The issue will examine Southern film as contributors explore Southern cinema in interviews and essays covering the history of a complex medium.

Montague’s first film, “In Sudden Darkness” from 2020, played across the country at independent film festivals and won the best narrative short award at the New Orleans Film Festival. She called guest-editing the film issue a great opportunity homing in on “all my interests as not only a filmmaker, but also as a writer and curator.”

In a news release, Montague thanked editor Danielle A. Jackson “for thinking of me, and the whole team for working with me.”

Jackson has edited the magazine since 2021, but in March took leave to write a book for Farrar, Straus and Giroux of New York. The book, “Honey’s Grill: Sex, Freedom and Women of the Blues,” will examine how the blues music genre inspired a new era of sexuality and freedom for Black women. The theme is rooted in the stories of three generations of Jackson’s family and a Memphis juke joint that her grandmother owned.

Filling in for her in the fall issue, Montague interviews director, screenwriter and actress Kasi Lemons, whose work includes biographical pictures “Whitney Houston: I Wanna Dance With Somebody” from this year and 2019’s “Harriet,” the story of abolitionist Harriet Tubman.

Montague made her directorial debut with “Eve’s Bayou,” the 1997 film starring Jurnee Smollet and Samuel L. Jackson.

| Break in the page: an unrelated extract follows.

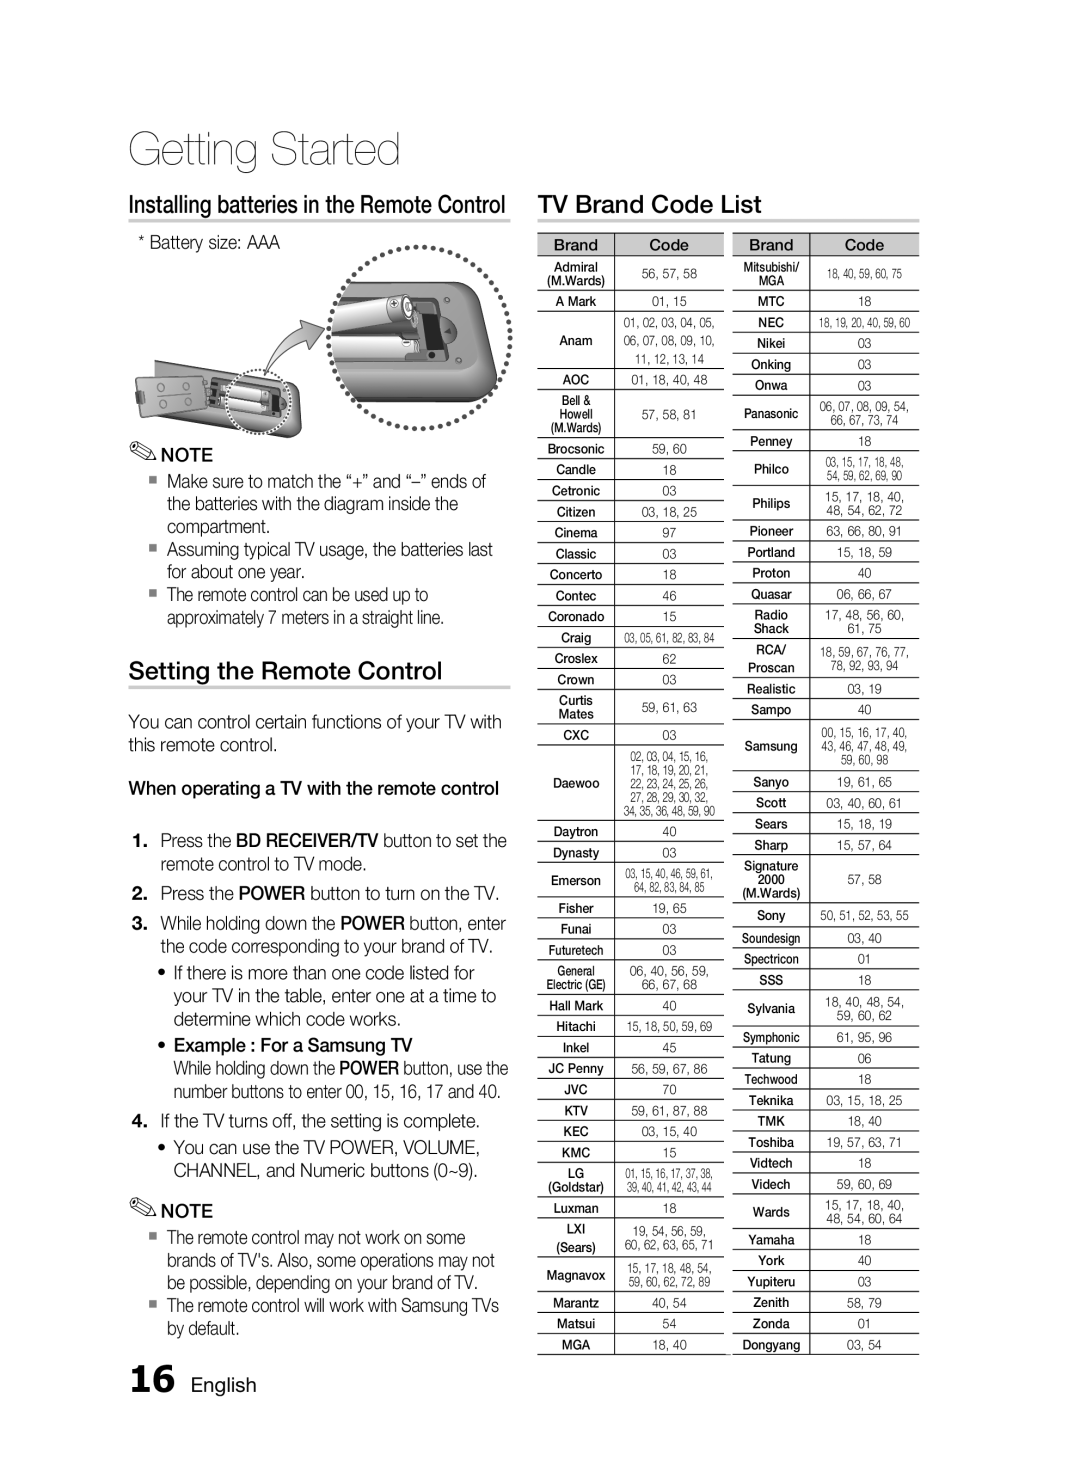 Samsung HT-C5200 TV Brand Code List, Setting the Remote Control, Installing batteries in the Remote Control, English 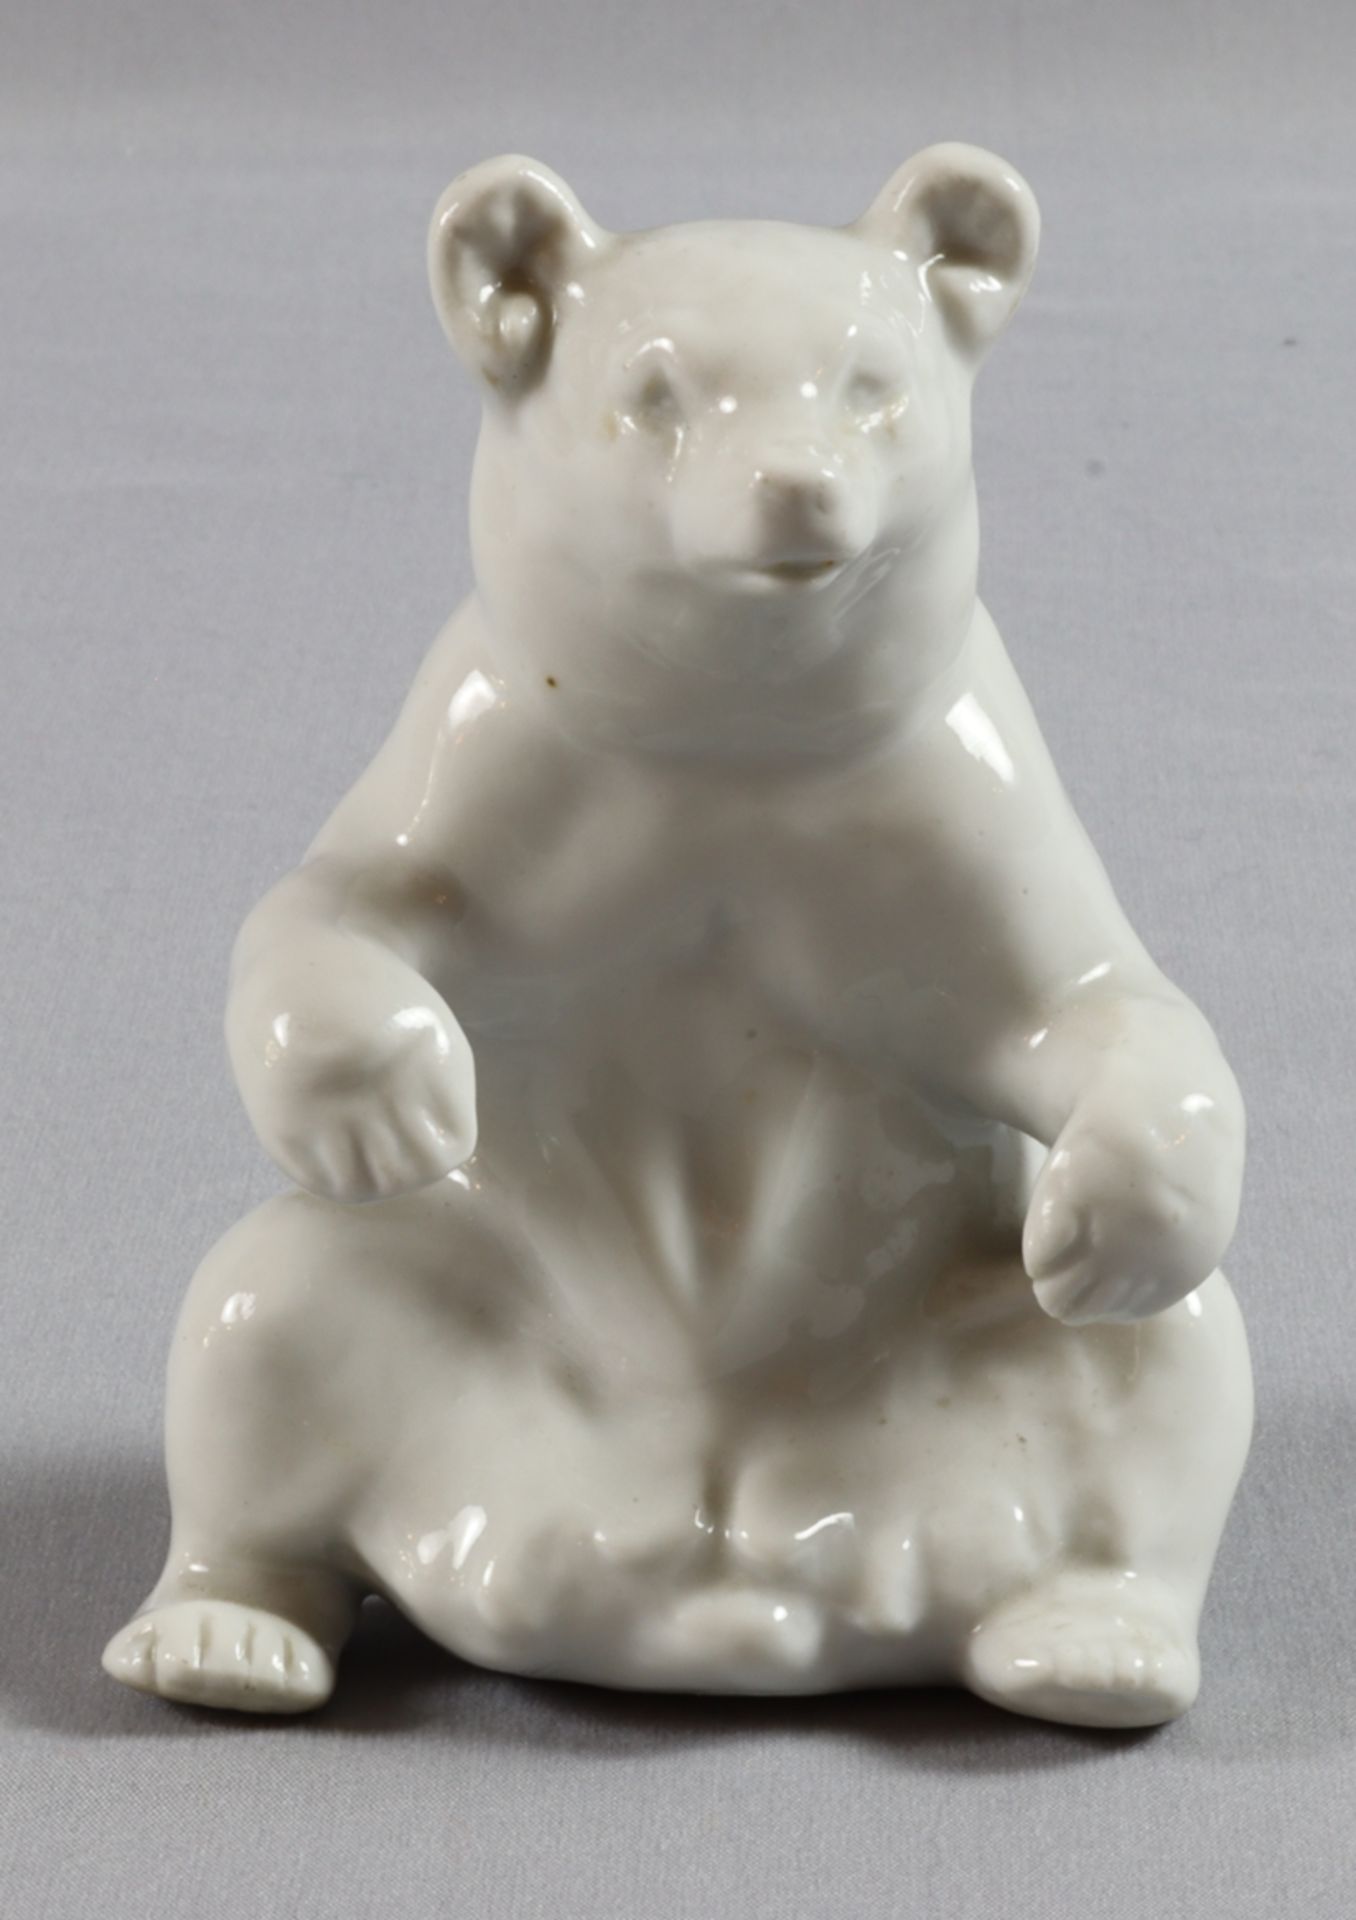 Porcelain figures, two polar bears early 20th century, German - Image 2 of 4

The magazine will also feature new work from award-winning culture writer Jewel Wicker, a personal essay from contributor Logan Scherer, and an exploration of Debbie Allen’s long filmmaking career by Jessica Lynne. Other pieces include an experimental article by National Book Award winner Justin Phillip Reed and meditations of films old and new.

The issue is available for preorder at OxfordAmericanGoods.org and will be on newsstands on Sept. 5. The Oxford American was born in William Faulkner’s Mississippi hometown but has been produced in Arkansas for more than two decades. The nonprofit quarterly is published by The Oxford American Literary Project Inc. in alliance with the University of Central Arkansas in Conway.